Una legión de economistas identificados con el ciclo político de la Segunda Alianza está advirtiendo acerca del desequilibrio de las cuentas públicas y de la inquietante evolución de la deuda. Señalan que es insostenible el ritmo de aumento de la deuda externa e interna y adelantan que si no se desacelera la emisión de bonos en pesos, dólares y euros el desenlace será un nuevo default. Quien lo dijo explícitamente fue Juan Carlos de Pablo y otros de la congregación ortodoxa lo sugieren de una u otra forma. Varios indican además que la magnitud del déficit fiscal (primario más financiero) es explosiva. Esto fue lo que se desprende de la exposición realizada por el ex titular del Banco Nación, Carlos Melconian, en un reciente encuentro de financistas. También lo expresa reiteradamente en su cuenta de Twitter el ex viceministro de Economía en el segundo mandato de Carlos Menem y presidente de la Universidad CEMA, Carlos Rodríguez. La descripción que realizan es coincidente con la que plantean economistas heterodoxos.
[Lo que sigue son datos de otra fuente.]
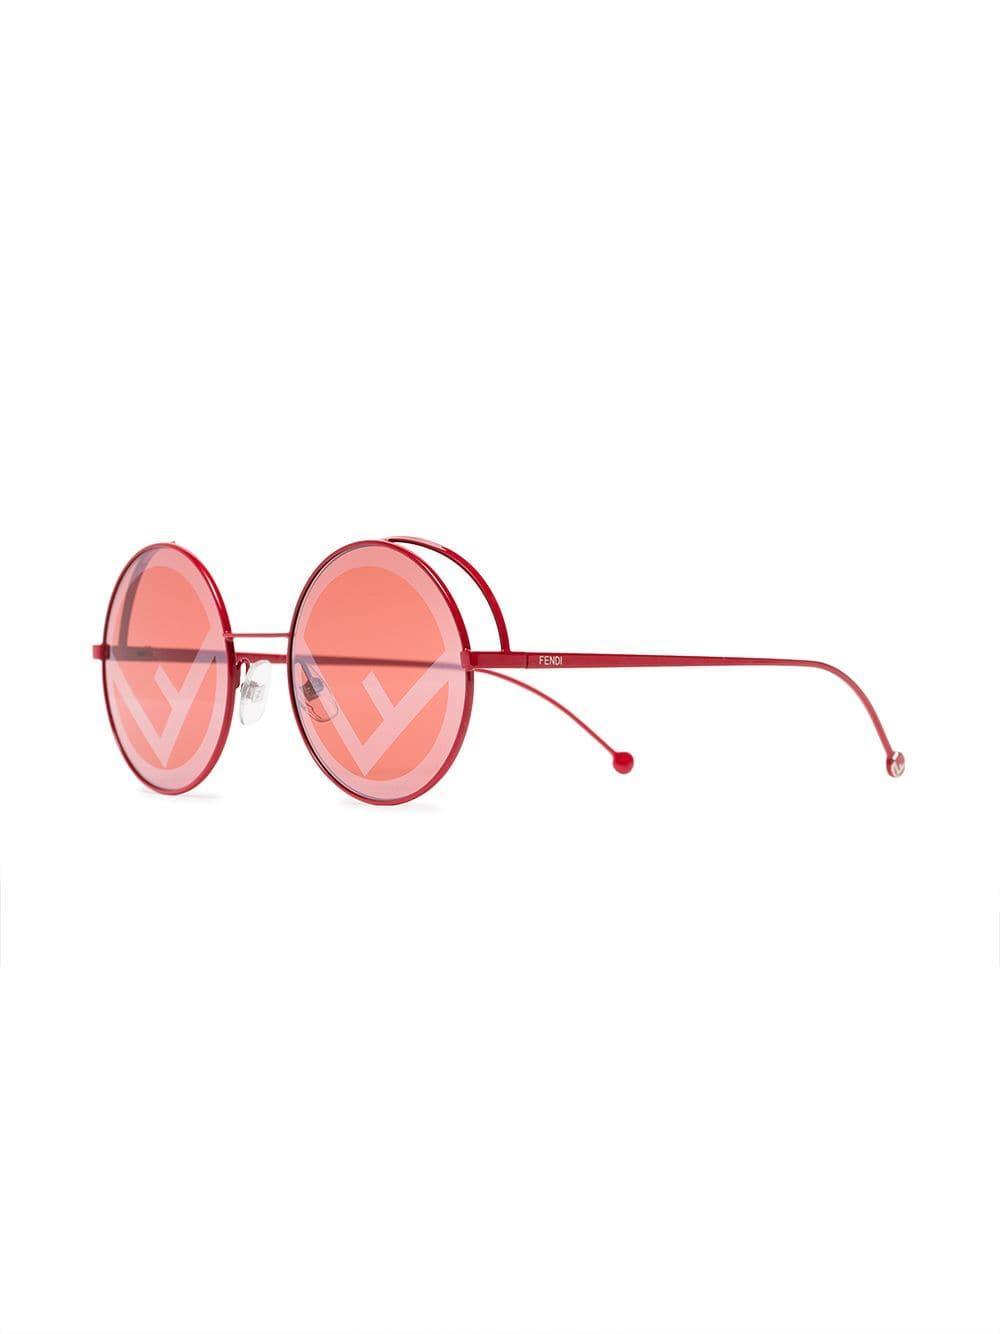 edb29b0257 Fendi - Red Logo Lens Round Sunglasses - Lyst. View fullscreen

El macrismo reacciona a esos cuestionamientos con un razonamiento pedestre. Dice que si la crítica es por derecha e izquierda significa que están haciendo bien las cosas, reflexión autoindulgente del descalabro provocado por su política económica. El análisis similar acerca de la deuda y el déficit fiscal de economistas provenientes de vertientes opuestas puede provocar confusión para identificar el origen de la actual crisis y las propuestas para abordarla. Es fundamental no tropezar con el desorden conceptual que propone el discurso económico dominante para no terminar legitimando un sendero de mayor daño socio-económico. El riesgo es caer en la trampa de avalar el ajuste.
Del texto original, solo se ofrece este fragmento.